In this period, China has recorded a 26 percent increase in exports to Africa, 14 percent to Southeast Asia and 7.1 percent to Latin America. Chinese exports to the European Union, too, have surged by 15 percent from a year earlier, but the European Union Chamber of Commerce in China has already warned Beijing about its substantial trade deficits with China.

Unfortunately for Beijing, markets in Africa, Latin America and Southeast Asia cannot offer Chinese products the same price that the American buyers can afford. A study by the United Nations Conference on Trade and Development in 2019 during the tariff war with China in US President Donald Trump’s first term found that “Chinese exporters may have started to bear part of the costs for China’s export losses in the United States because of tariff and the resultant trade diversion in the form of lower export prices.”

In the second phase of the tariff war in May last, Chinese export houses were forced to sell online at bargain prices products ranging from footwear to home appliances and blankets which used to sell in the US at fancy prices. For instance, the cost of one tonne of Chinese blanket in the US has been calculated at $ 5,300 while that in Africa it varies between $1,800 and $3,500 depending on quality.

 Evidently, to meet the requirements of these less affluent markets, manufacturers in China are cutting back on cost; and consequently also on quality. China is thus emerging as the hub of low-cost products of questionable standards.  A vast repository of cheap labour has helped China achieve this rather dubious distinction.

Observers believe that at the heart of the remarkable achievement of a $1 trillion trade surplus are ultra-low prices made possible through practices such as indifferent product quality, dumping, aggressive marketing and deceptive trade tactics. Clearly, the benefits of this trade surplus do not percolate to Chinese labourers. In the textile sector, for instance, the average monthly salary of a worker in China in 2023 was calculated at $826 while in the US the average monthly salary of a worker in the textile sector was calculated at $2,858.

The dumping of cheap Chinese products in Africa is having a devastating effect on the industries in the African countries which are being slowly forced out of trade. Findings of the Southern Africa Labour Department and Research Unit from a database of 44 manufacturing industries over the last decade show that local industries in Southern Africa are under pressure because of cheap Chinese imports. This has resulted in their slow growth of output, loss of profits and decline in employment. Products significantly affected by Chinese imports are textiles and clothing, footwear and leather, electrical and electronic products and machinery.

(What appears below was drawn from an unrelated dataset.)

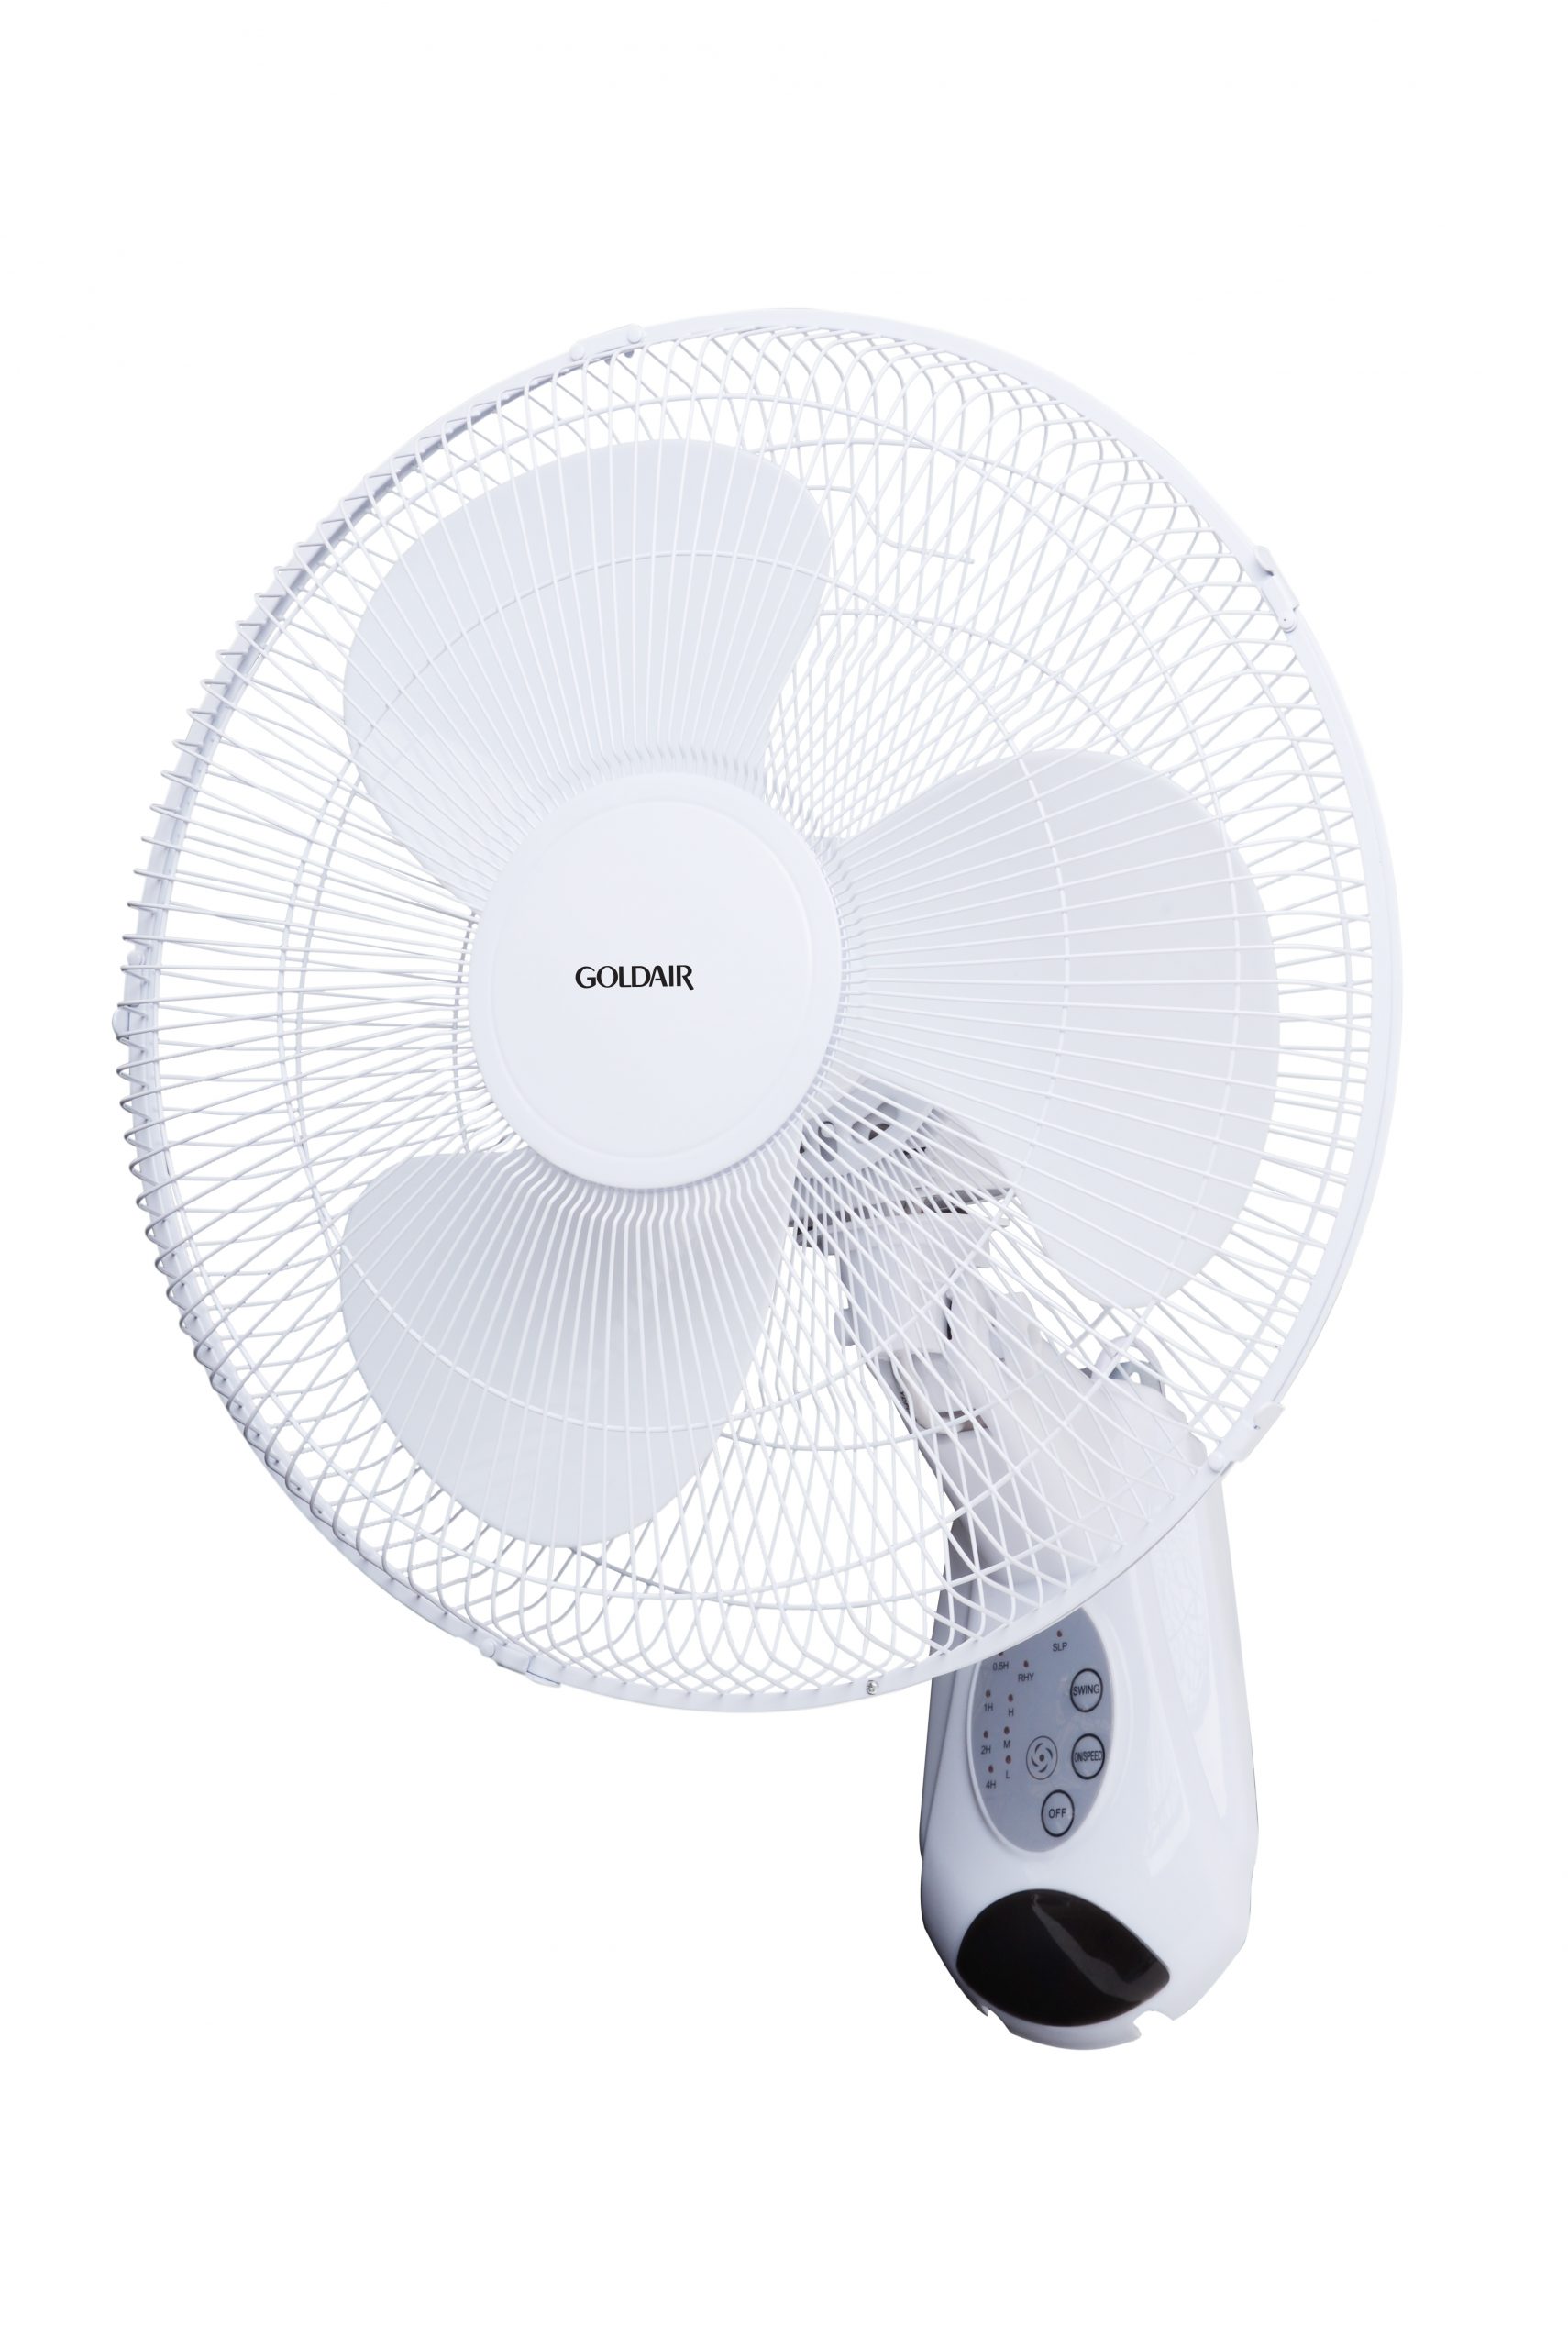 40cm Wall Fan Gswf40r Goldair intended for size 4016 X 6012

China has resorted to increasing exports in low value markets to sustain an annual GDP growth rate of five percent when the domestic market is sluggish. In November last, retail sales increased by only 1.3 percent, the lowest since 2022. The growth in industrial production slowed to a 15-month-low of 4.8 percent. The property sector performed the worst in decades, with investments in property plunging nearly 16 percent. Car sales went down by 8.5 percent and home appliance sales by 19 percent. China’s National Bureau of Statistics has admitted that domestic demand is insufficient.

The main reason for the sluggish domestic demand is the falling prices of real estates in which nearly 70 percent of the household wealth in China has been estimated to be tied up. This fall has shaken the confidence of the common people as their wealth is shrinking.

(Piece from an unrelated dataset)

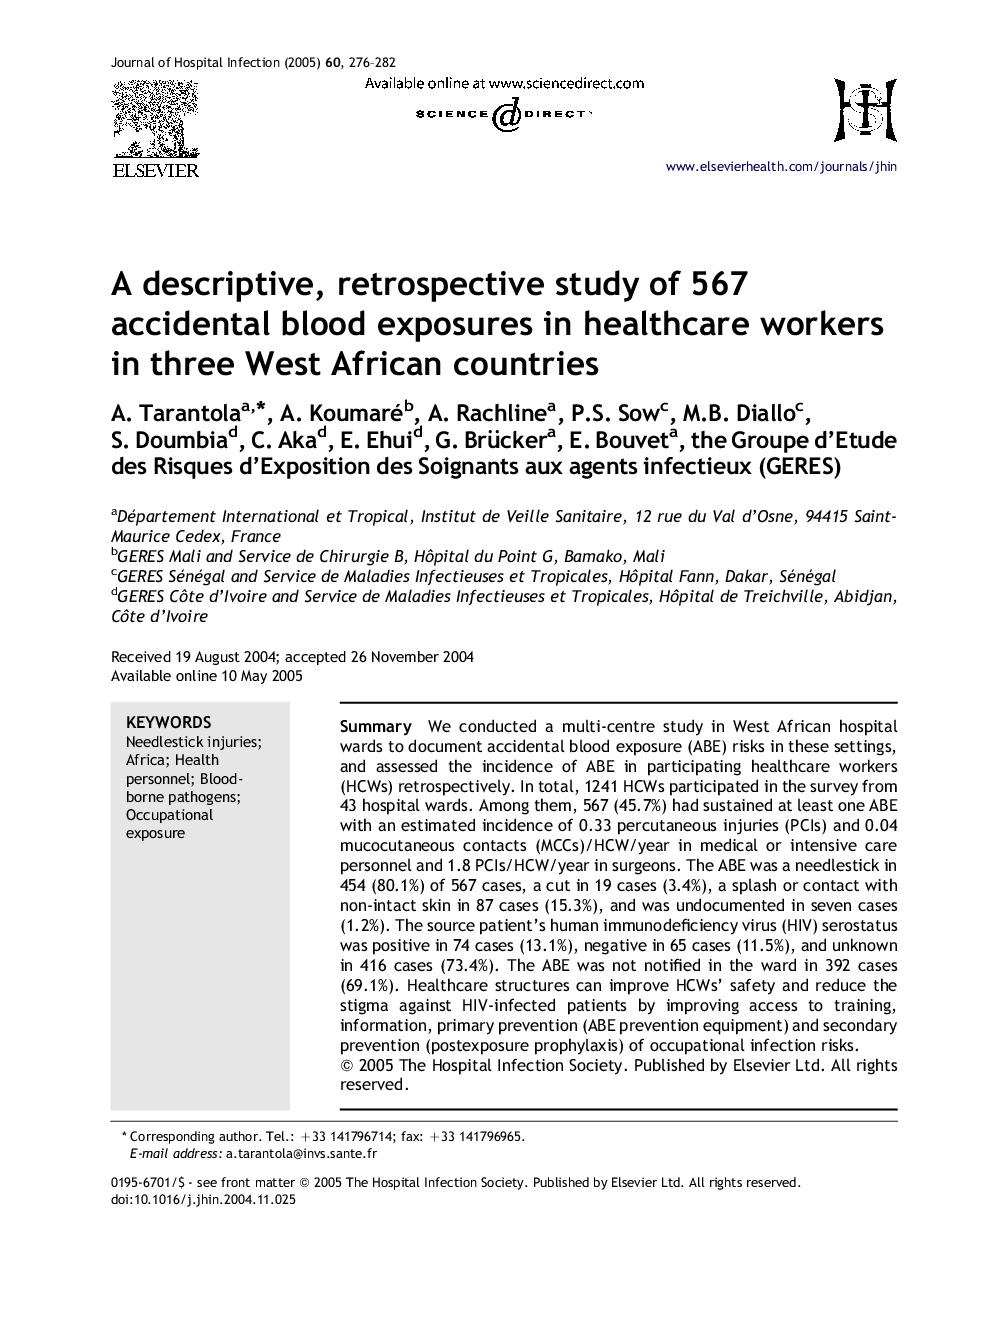 A descriptive, retrospective study of 567 accidental blood exposures in healthcare workers in three West African countries

In the days of the export boom in China under the Deng Xiaoping regime, the exchange rate was 8.38 Chinese yuan per US dollar; leading to accusations of artificial devaluation. In 2005, there was a revaluation of Chinese currency. In 2010, for instance, the dollar to yuan exchange rate was on average about 6.5. But now for about a decade the value of yuan is falling again; with the prevailing exchange rate being about 7. It is artificial method of increasing exports when the domestic market is sluggish. 

The record trade surplus thus hides the story of imbalances in the Chinese economy.